WHAT THE TASK REQUIRES: From the first line of the data through the line containing "Открыть пассат б6.", return each line exactly.

·····

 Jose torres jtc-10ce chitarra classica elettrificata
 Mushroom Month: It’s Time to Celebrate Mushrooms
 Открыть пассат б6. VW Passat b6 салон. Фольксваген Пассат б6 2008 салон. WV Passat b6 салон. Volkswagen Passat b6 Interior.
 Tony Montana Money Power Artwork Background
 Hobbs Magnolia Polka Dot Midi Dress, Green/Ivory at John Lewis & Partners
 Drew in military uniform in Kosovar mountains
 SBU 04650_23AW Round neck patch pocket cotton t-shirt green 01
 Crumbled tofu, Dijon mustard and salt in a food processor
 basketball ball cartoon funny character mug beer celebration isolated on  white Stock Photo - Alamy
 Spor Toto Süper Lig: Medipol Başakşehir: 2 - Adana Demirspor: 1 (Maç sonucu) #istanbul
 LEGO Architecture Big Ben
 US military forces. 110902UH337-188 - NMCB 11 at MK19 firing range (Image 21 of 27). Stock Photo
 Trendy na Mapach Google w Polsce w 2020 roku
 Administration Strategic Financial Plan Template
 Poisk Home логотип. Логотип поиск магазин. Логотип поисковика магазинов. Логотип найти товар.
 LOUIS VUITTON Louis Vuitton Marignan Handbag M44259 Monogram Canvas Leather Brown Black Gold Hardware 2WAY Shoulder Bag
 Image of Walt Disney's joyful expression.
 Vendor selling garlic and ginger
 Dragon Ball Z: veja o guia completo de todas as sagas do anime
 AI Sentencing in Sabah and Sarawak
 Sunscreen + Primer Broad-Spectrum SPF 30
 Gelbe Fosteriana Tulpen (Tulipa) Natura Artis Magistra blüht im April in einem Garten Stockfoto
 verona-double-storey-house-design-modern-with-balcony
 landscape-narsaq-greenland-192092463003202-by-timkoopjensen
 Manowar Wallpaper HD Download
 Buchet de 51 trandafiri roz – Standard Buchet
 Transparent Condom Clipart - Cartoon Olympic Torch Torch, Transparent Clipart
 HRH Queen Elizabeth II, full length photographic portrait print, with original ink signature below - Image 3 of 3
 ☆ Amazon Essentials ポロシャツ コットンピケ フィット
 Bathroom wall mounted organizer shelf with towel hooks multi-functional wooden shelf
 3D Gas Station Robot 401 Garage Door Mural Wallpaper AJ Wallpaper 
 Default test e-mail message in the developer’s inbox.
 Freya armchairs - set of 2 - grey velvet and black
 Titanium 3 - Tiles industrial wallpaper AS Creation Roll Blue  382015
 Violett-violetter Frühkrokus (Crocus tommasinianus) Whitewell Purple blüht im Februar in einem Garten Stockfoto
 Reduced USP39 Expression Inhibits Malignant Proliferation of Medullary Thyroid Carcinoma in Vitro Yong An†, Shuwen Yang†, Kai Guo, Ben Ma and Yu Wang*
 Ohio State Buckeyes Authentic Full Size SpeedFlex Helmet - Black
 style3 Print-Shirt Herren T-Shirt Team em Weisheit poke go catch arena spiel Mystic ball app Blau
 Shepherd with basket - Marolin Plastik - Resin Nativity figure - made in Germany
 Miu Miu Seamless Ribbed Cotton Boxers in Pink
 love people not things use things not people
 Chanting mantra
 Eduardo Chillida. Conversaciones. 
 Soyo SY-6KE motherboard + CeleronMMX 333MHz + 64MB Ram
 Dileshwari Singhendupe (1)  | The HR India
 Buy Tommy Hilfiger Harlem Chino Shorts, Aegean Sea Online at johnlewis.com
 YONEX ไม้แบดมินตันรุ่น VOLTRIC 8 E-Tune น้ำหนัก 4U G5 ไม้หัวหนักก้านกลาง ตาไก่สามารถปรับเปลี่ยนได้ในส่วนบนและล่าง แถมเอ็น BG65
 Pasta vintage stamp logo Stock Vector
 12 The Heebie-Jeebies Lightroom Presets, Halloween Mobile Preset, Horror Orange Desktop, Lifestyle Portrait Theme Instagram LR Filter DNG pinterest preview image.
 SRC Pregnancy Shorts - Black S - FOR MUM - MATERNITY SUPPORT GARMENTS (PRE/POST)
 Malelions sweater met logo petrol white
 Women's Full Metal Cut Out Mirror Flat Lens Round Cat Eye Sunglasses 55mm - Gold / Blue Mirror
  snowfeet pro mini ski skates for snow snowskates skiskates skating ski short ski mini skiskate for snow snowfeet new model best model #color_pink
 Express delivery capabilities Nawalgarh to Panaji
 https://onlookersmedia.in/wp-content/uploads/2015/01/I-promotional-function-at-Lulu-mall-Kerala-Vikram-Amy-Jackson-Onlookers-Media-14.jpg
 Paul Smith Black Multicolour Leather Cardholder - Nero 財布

·····

RESPONSE TO THIS TASK:
 Jose torres jtc-10ce chitarra classica elettrificata
 Mushroom Month: It’s Time to Celebrate Mushrooms
 Открыть пассат б6. VW Passat b6 салон. Фольксваген Пассат б6 2008 салон. WV Passat b6 салон. Volkswagen Passat b6 Interior.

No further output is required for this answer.